Initialization: true / false, permet de faire un init / run du chargement. Un init efface le paramètre qui stocke le timestamp du dernier chargement réussi et la table destination dans silver, avant de faire le chargement.

In [0]:
%run ./Utils/COMMON

In [0]:
import os
from datetime import datetime

dbutils.widgets.text('init', 'false', 'Initialization')

init: bool = (dbutils.widgets.get('init') == 'true')
start_date = datetime.utcnow()
input_path = "dbfs:/mnt/dlk/bronze/WEB/eurofxref/"
output_path = "dbfs:/mnt/dlk/silver/WEB/eurofxref"
storage_account_name = os.getenv('STORAGE_ACCOUNT')

In [0]:
if init :
  # Suppression des tables delta dans silver
  print(output_path)
  try : 
    dbutils.fs.ls(output_path)
    dbutils.fs.rm(output_path, True)
  except : 
    print(f"folder {output_path} doesn't exist")
    
  # Suppression des paramètres de dernier chargement pour tout recharger.
  LIN_delete_loading_parameter(storage_account_name, input_path)

In [0]:
from pyspark.sql.readwriter import DataFrameReader

df_reader: DataFrameReader = spark.read.option('basePath', input_path).format("json") 

df = (df_reader
    .load(f"{input_path}/year=*/month=*/day=*/time=*/eurofxref.json", multiLine=True)
    .withColumn('filePath', f.input_file_name())
    .withColumn('folderDatetime', f.to_timestamp(f.concat((f.col('year') * 10000 + f.col('month') * 100 + f.col('day')).cast('string'), f.lit(' '), f.format_string("%06d", f.col('time') * 100)), 'yyyyMMdd HHmmss'))
)
  
# Récupérer la date du dernier chargement pour filtrer les répertoires à charger.
last_load = LIN_get_loading_parameter(storage_account_name, input_path)
print(last_load)
if last_load:
    df = df.filter(f.col('folderDatetime') > last_load.strftime('%Y-%m-%d %H:%M:%S'))
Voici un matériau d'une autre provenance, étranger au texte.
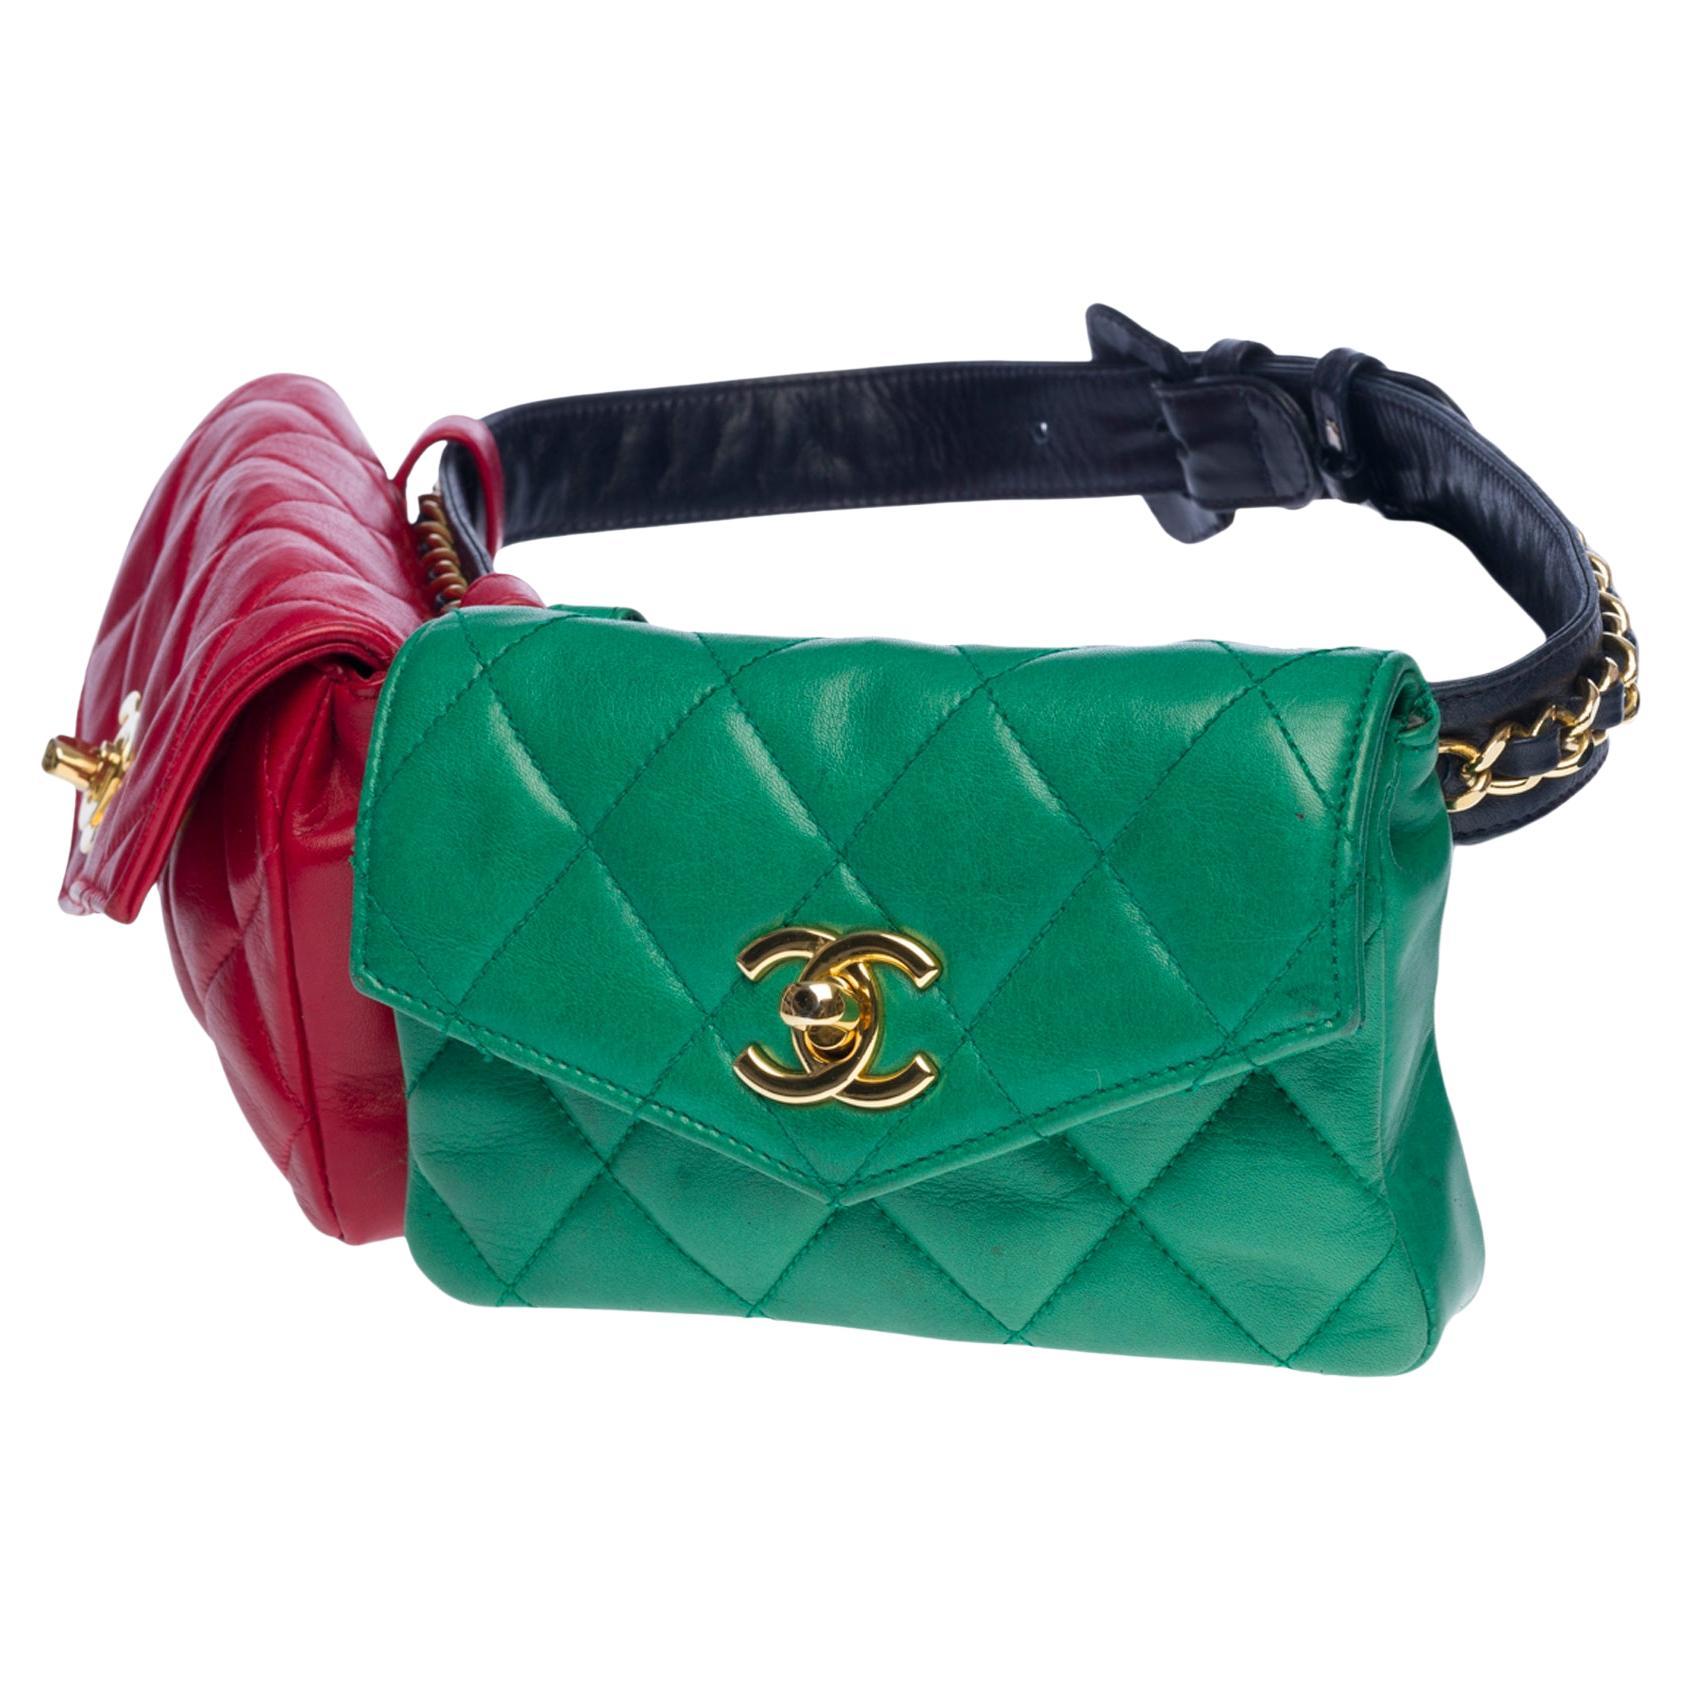 Gorgeous Chanel double bag belt in red and green quilted lambskin leather,  GHW

if os.getenv('ENVIRONMENT') == 'dev':
    df.printSchema()

In [0]:
from pyspark.sql.functions import *

df = (df.select(explode("gesmes:Envelope.cube.cube").alias("c"))
    .select(to_date(col("c.@time"),"yyyy-MM-dd").alias("Date"),explode("c.cube").alias("cb"),col("cb.@currency").alias("Currencies"),col("cb.@rate").alias("Rate"))
    .drop("cb")
)
df = LIN_add_metadata_cols(df)

if os.getenv('ENVIRONMENT') == 'dev':
    display(df)

Date,Currencies,Rate,BronzeFileNameSource,BronzeFolderSource,IngestionDate


In [0]:
df.write.format("delta").mode("append").partitionBy("IngestionDate").save(output_path)

# Si il n'y a pas d'erreur pour le chargement des repertoires, on met a jour le parametre du fichier.
LIN_set_loading_parameter(storage_account_name, input_path, start_date)